## EXCERPTED RECORDS
* * *

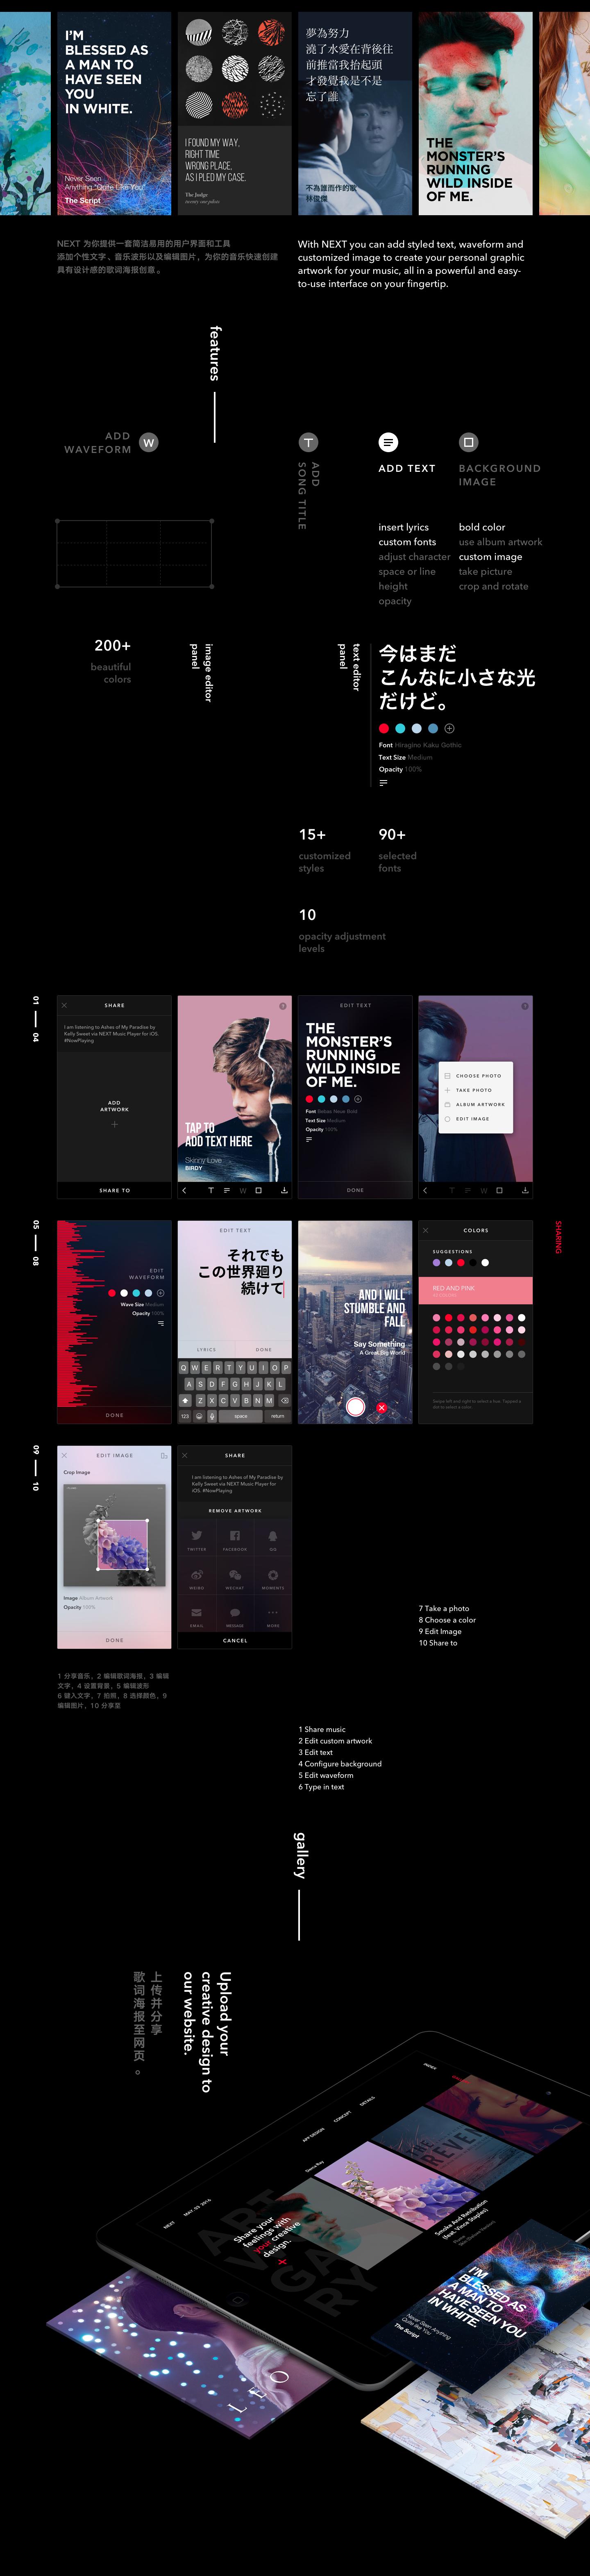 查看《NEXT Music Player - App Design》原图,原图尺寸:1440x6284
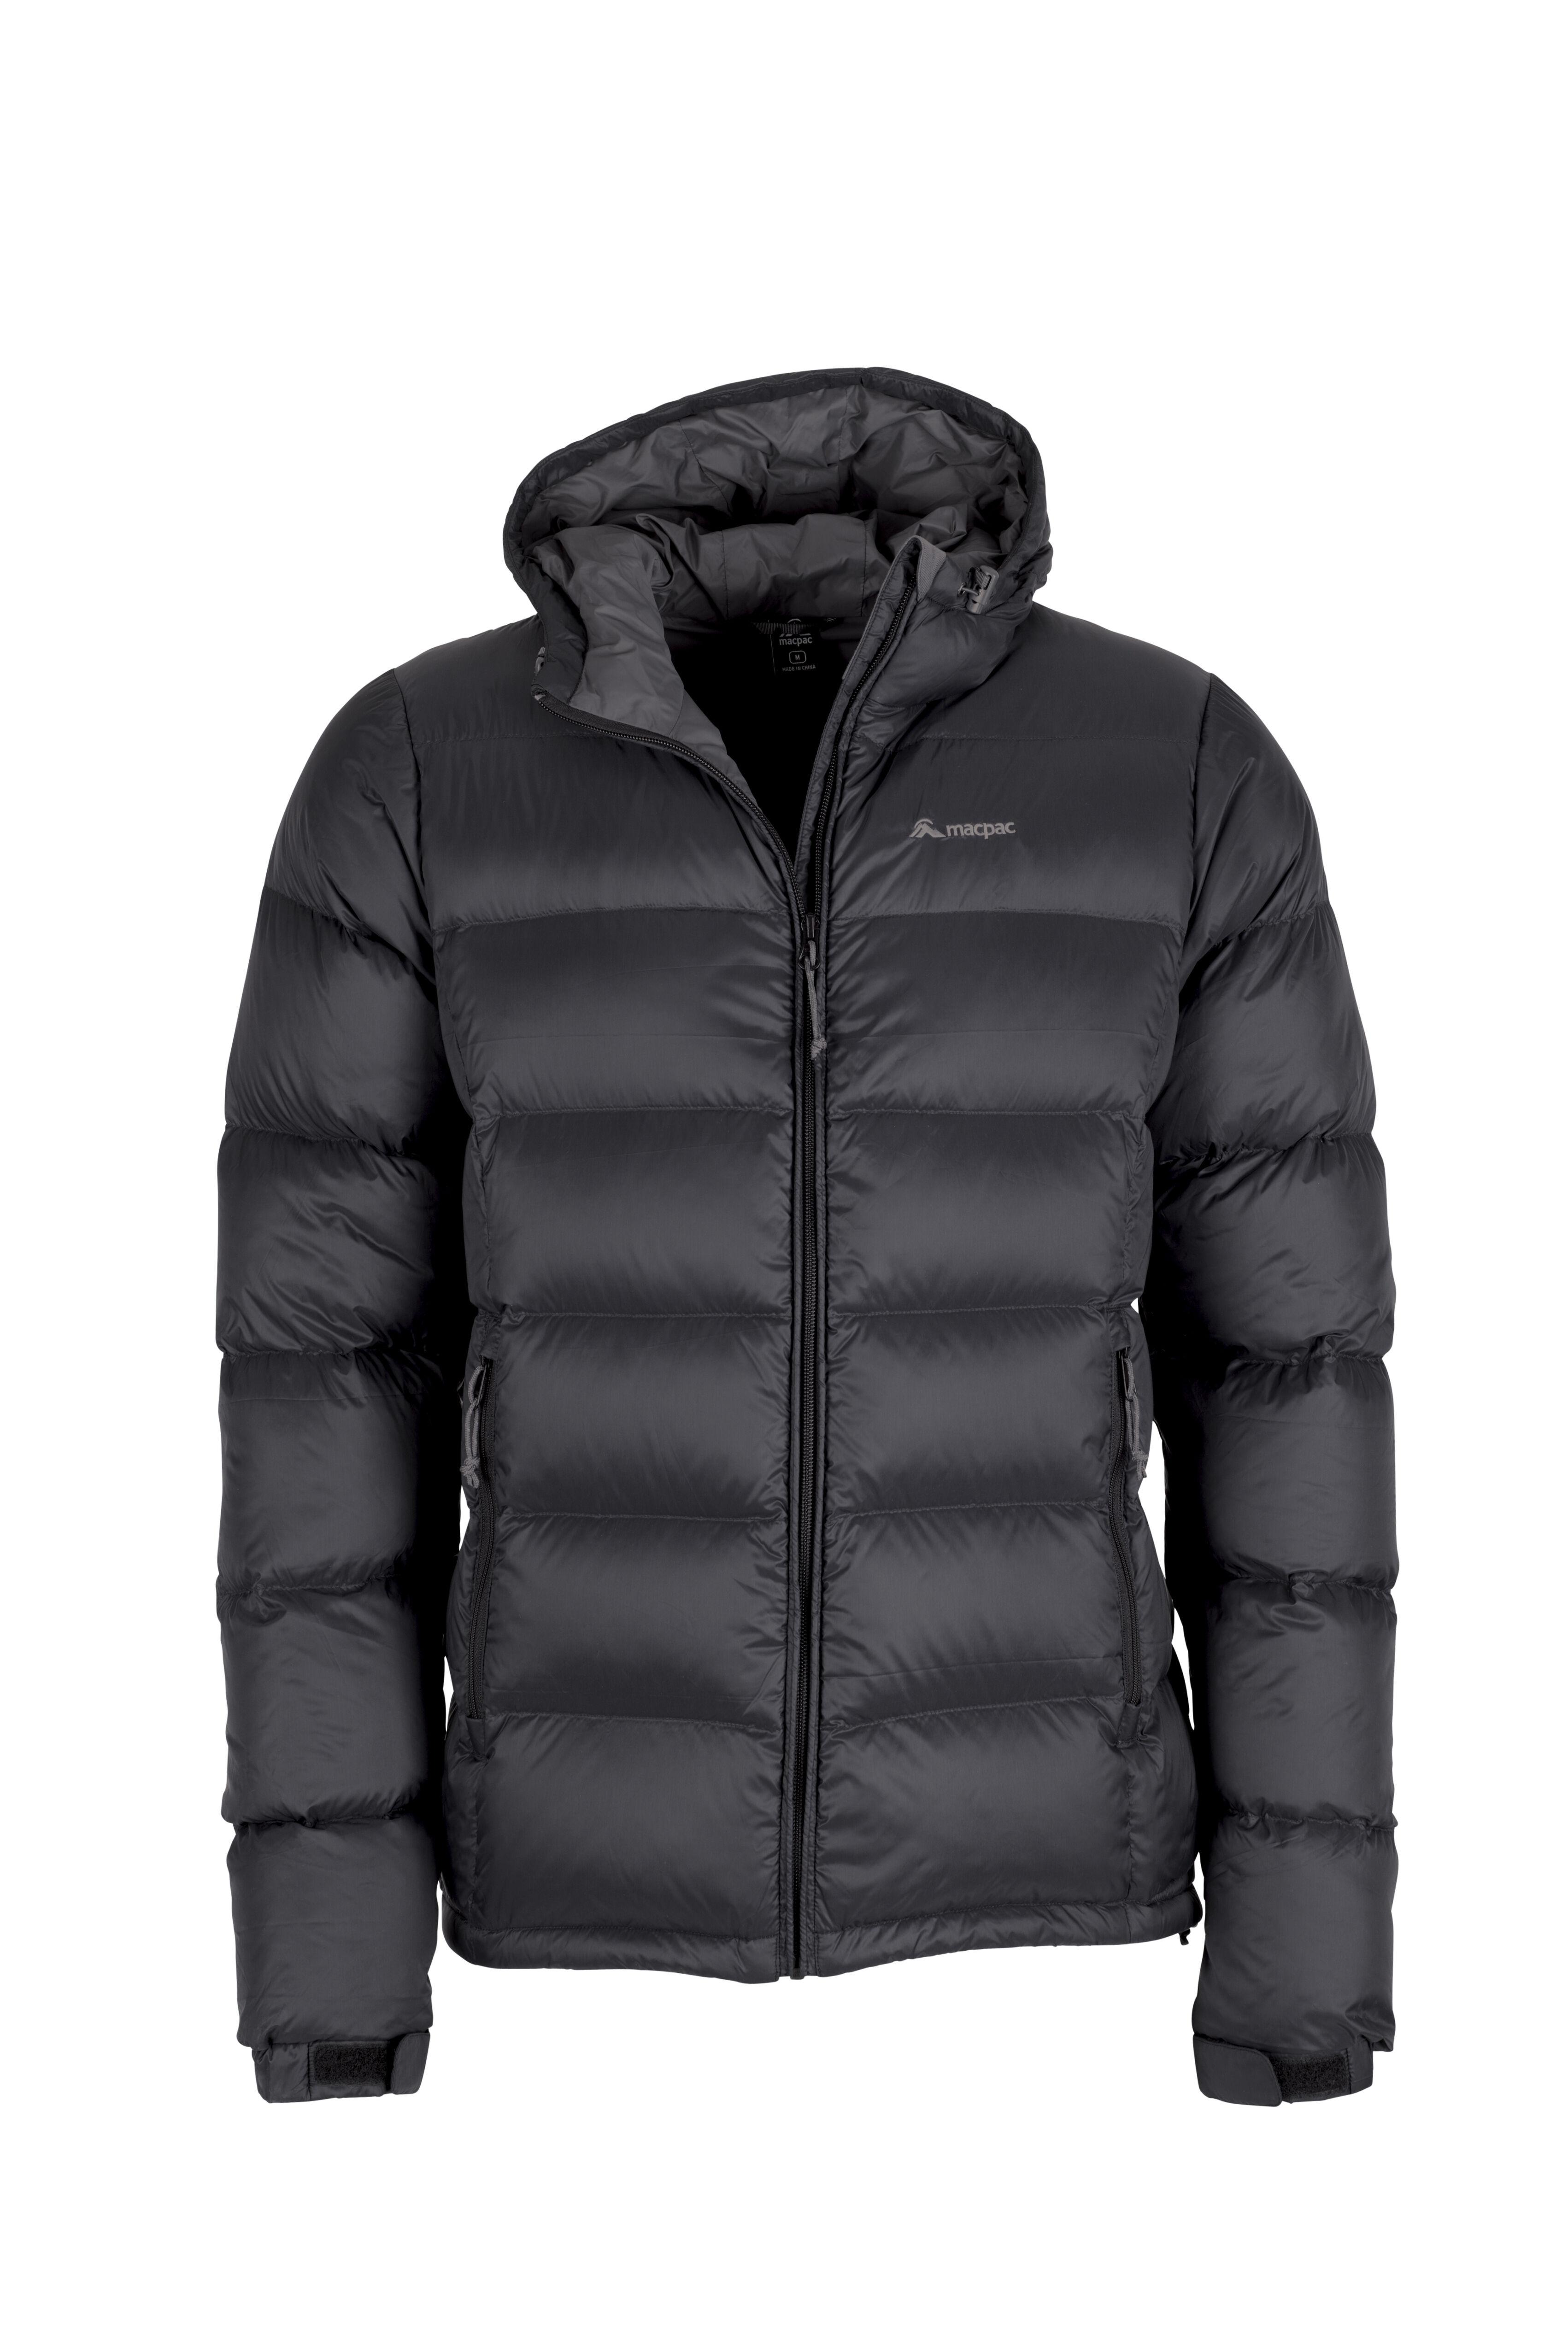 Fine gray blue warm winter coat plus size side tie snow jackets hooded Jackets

* * *

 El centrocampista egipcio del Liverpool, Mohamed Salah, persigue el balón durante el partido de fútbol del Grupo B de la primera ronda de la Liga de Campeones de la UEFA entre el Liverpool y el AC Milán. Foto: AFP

* * *

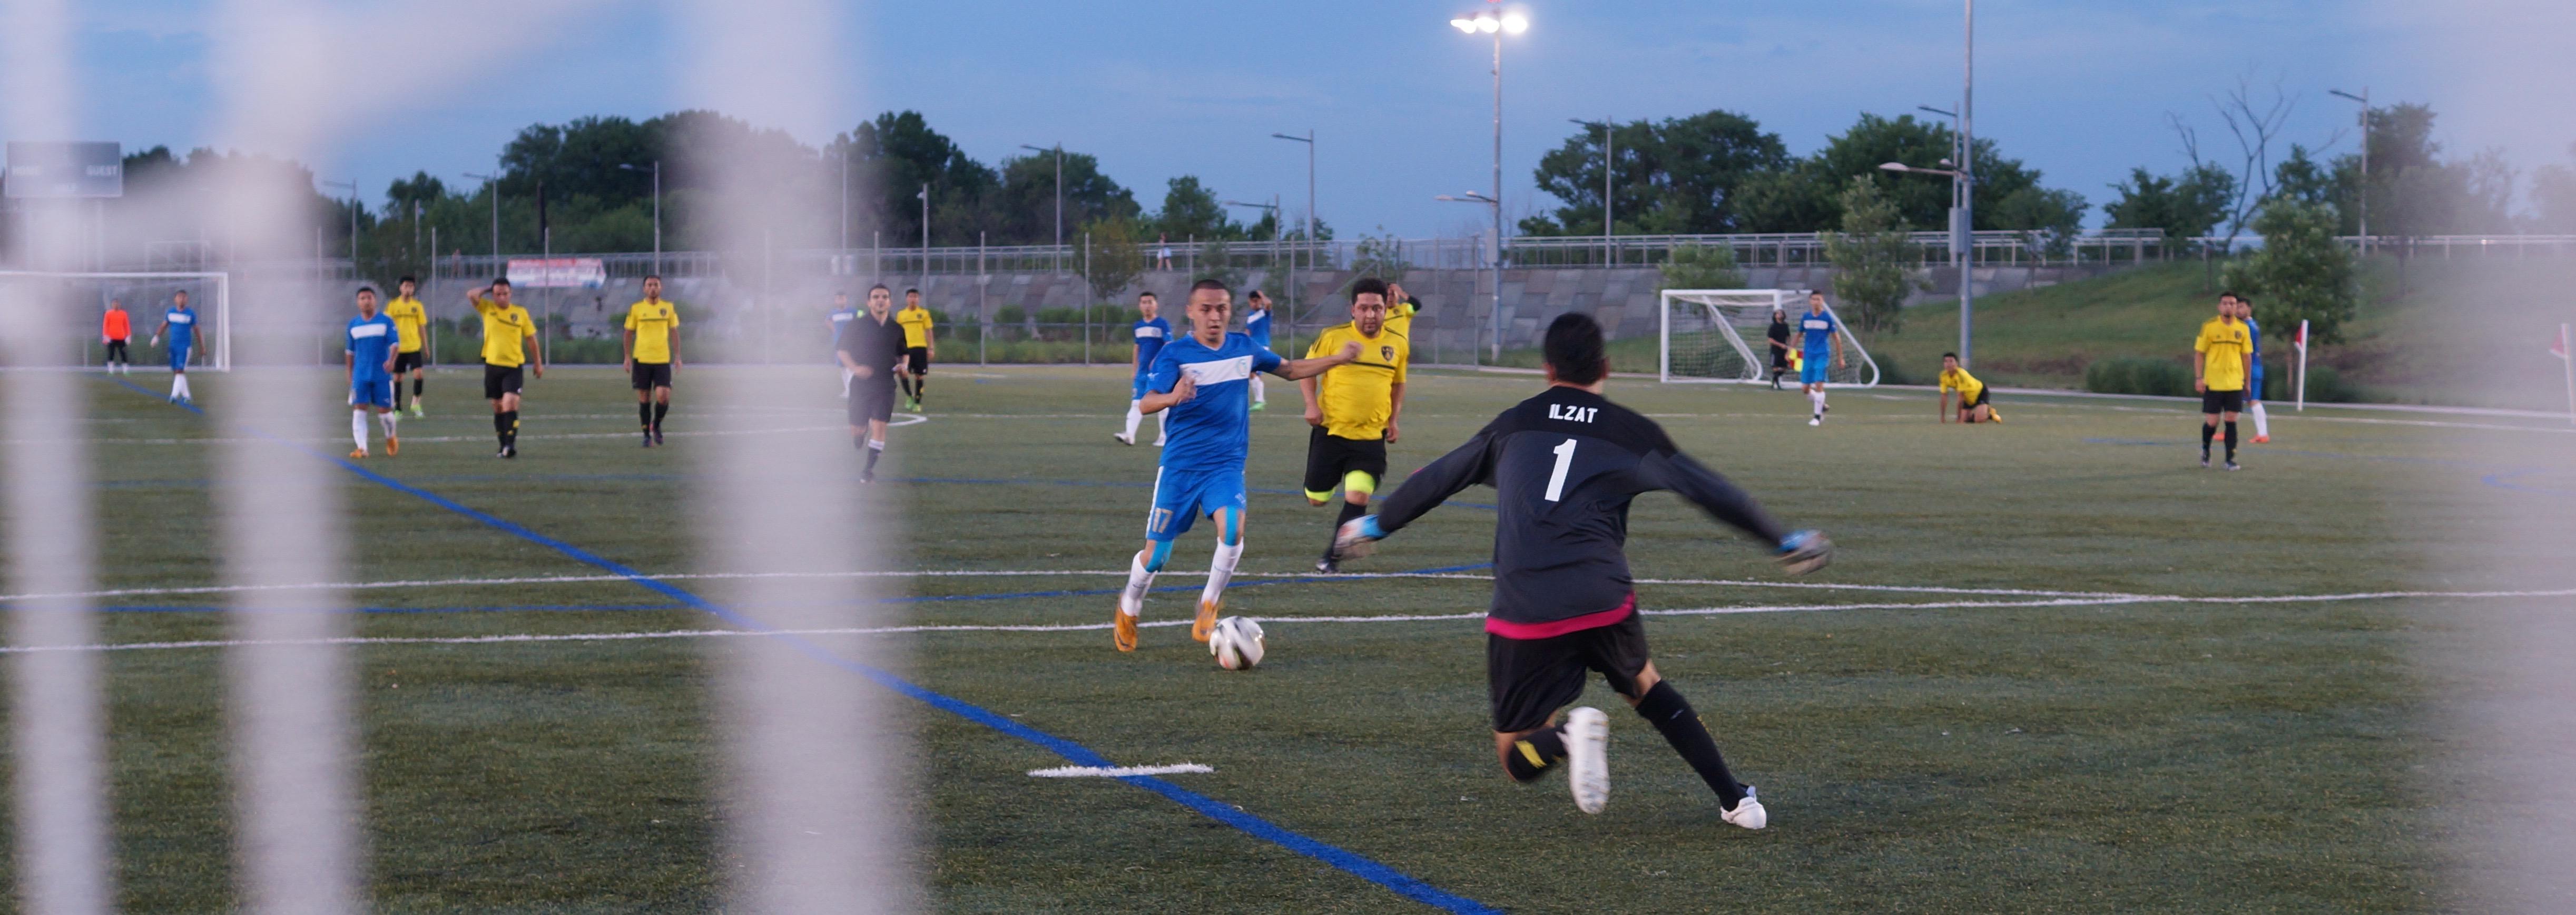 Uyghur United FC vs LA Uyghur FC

* * *

Look above for the line containing "查看《NEXT Music Player", then copy exactly from it through the line containing "Fine gray blue", keeping both and leaving out pictures. Add nothing else.

 查看《NEXT Music Player - App Design》原图,原图尺寸:1440x6284
 Fine gray blue warm winter coat plus size side tie snow jackets hooded Jackets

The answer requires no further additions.